DES CRÉATIONS ORIGINALES: LES POUDRES D'ÉPICES OLIVIER ROELLINGER ®

Depuis l’enfance, les chants de marins, les récits du Cap Horn, des Terres Neuvas et des chasseurs d’épices de la Compagnie des Indes ont nourri mon imaginaire comme plus tard, la littérature maritime et d’aventures a continué à étancher ma soif de l’ailleurs et de la rencontre de l’autre. Cuisinier, je me suis passionné pour ces épices déjà présentes dans les murs de la cité corsaire au XVIIème et XVIIIème, épices d’Orient et du Nouveau Monde. J’ai voyagé avec Jane aux quatre coins du globe en reprenant les routes des grandes familles d’armateurs malouins. Nous avons hanté les côtes d’Amérique du Sud, les Caraïbes, l’Océan Indien, les Mascareignes, les côtes Malabar, les Moluques, l’Asie du Sud-Est et la côte Africaine. J’ai utilisé les épices que je rapportais comme les autres navigateurs de ce pays ont pu le faire avant moi mais en me nourrissant de l’imaginaire qu’elles portent en elles. Un peu comme des graines d’un paradis perdu, d’un jardin d’Eden.

Quel que soit l’endroit de la planète, les épices sont très rarement utilisées seules, il s’agit toujours d’un mélange de 3 à 20 d’entre elles.
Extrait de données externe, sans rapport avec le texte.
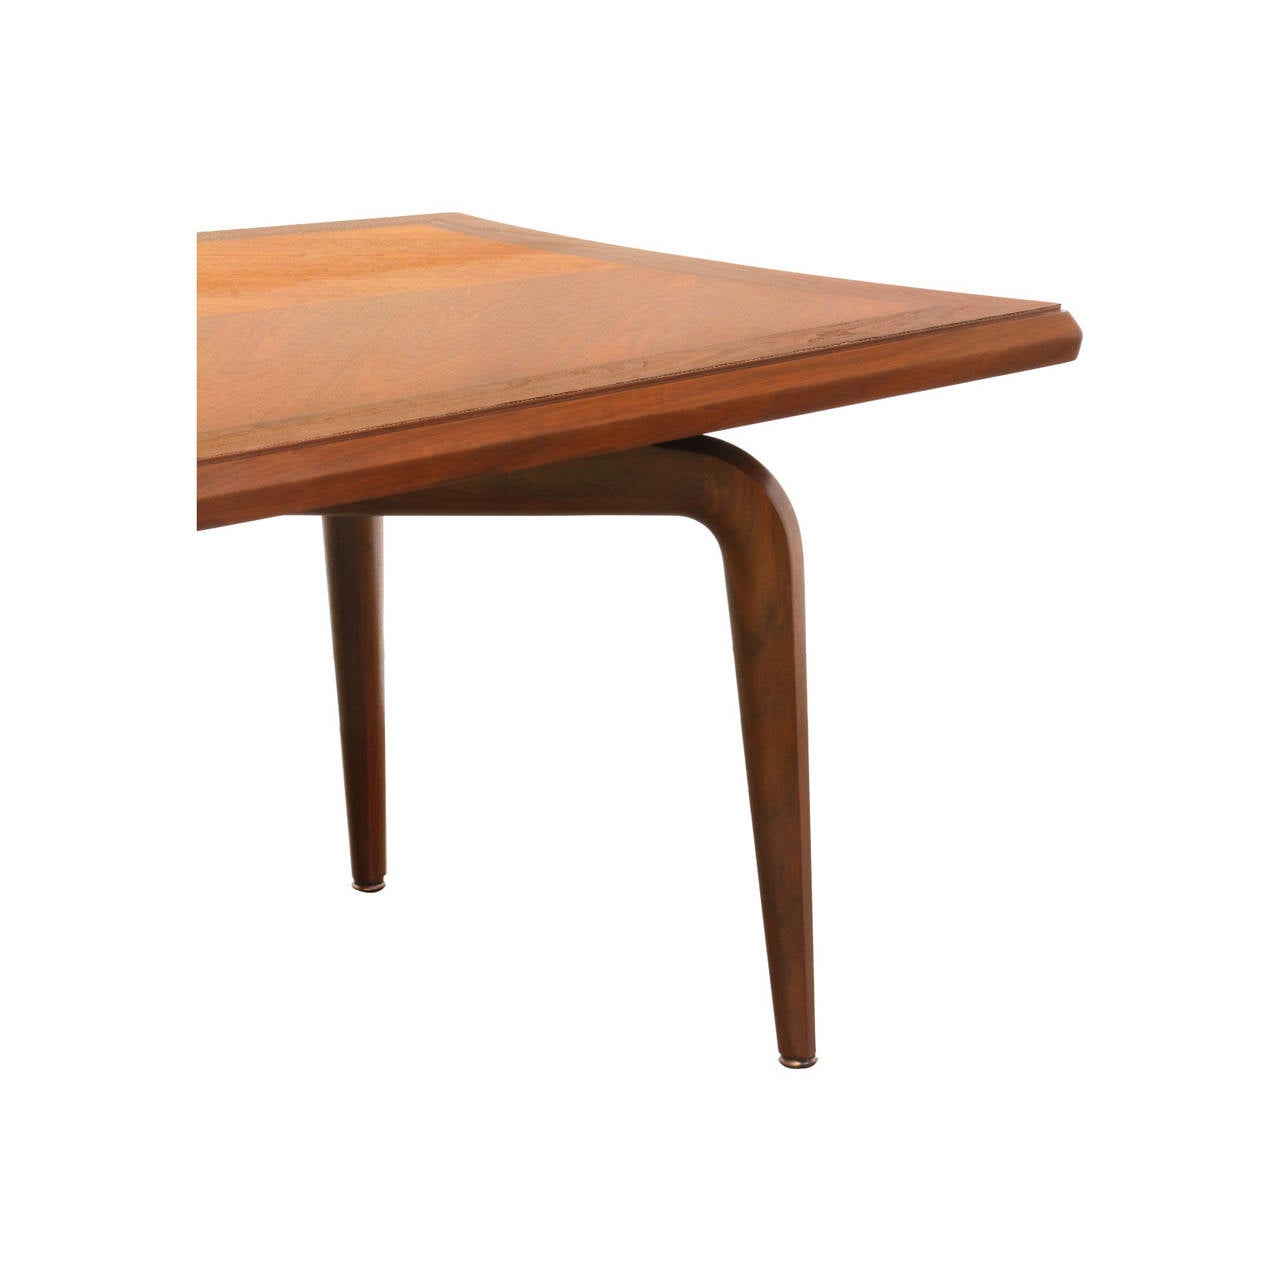 Mid-20th Century Maurice Bailey Monumental Sculptural Dining Table for Monteverdi-Young

En ce qui me concerne, je n’ai jamais voulu reproduire un garam massale ou un curry à la créole ou à l’indienne mais plutôt construire une saveur nouvelle comme un nez le ferait pour créer un parfum. Et cette saveur inédite, cette « poudre d’épices » serait dédiée à un produit ou à un plat précis, comme la tomate, un poisson ou un dessert.

Cette construction de saveurs se fait avec beaucoup de maîtrise et de précision. Je cherche longtemps, je tente des expériences, recommence plusieurs fois. Puis les années passent, ce rêve s’installe dans ma mémoire et je peux un jour imaginer des saveurs en associant épices et herbes sans les goûter… Puis je joue, je compose, je construis à partir de ce que la nature nous a donné : des épices de feu, - les piments, le gingembre, les poivres, les faux poivres -, des goûts de bonbons à l’anis - l’aneth, le fenouil le petit et le gros, la fenouillette, l’anis étoilé ou la badiane -, les tendres - les vanilles, la muscade, le macis, le rocou, le benjoin -, les caractériels - le girofle, le bois d’Inde -, les hespéridés - la citronnelle, les pétales de lys -, les thymols - l’ajowan -, les magnifiques - les coriandres et les cardamomes vertes noires ou blanches -, et encore et encore… Et puis je devine, je dessine, je vois naître la poudre.

Ensuite, comme au XVIIIème siècle, la Maison du Voyageur à Cancale me sert à créer, entreposer mais aussi travailler les épices. Dans le cœur des Maisons de Bricourt, nous recevons les épices brutes, sélectionnées parmi les plus belles origines et avant de les stocker au sec, nous les contrôlons en laboratoire. Dans cet entrepôt, elles sont alors étuvées, torréfiées, broyées, moulues, pesées, dosées, mélangées pour obtenir nos « poudres d’épices».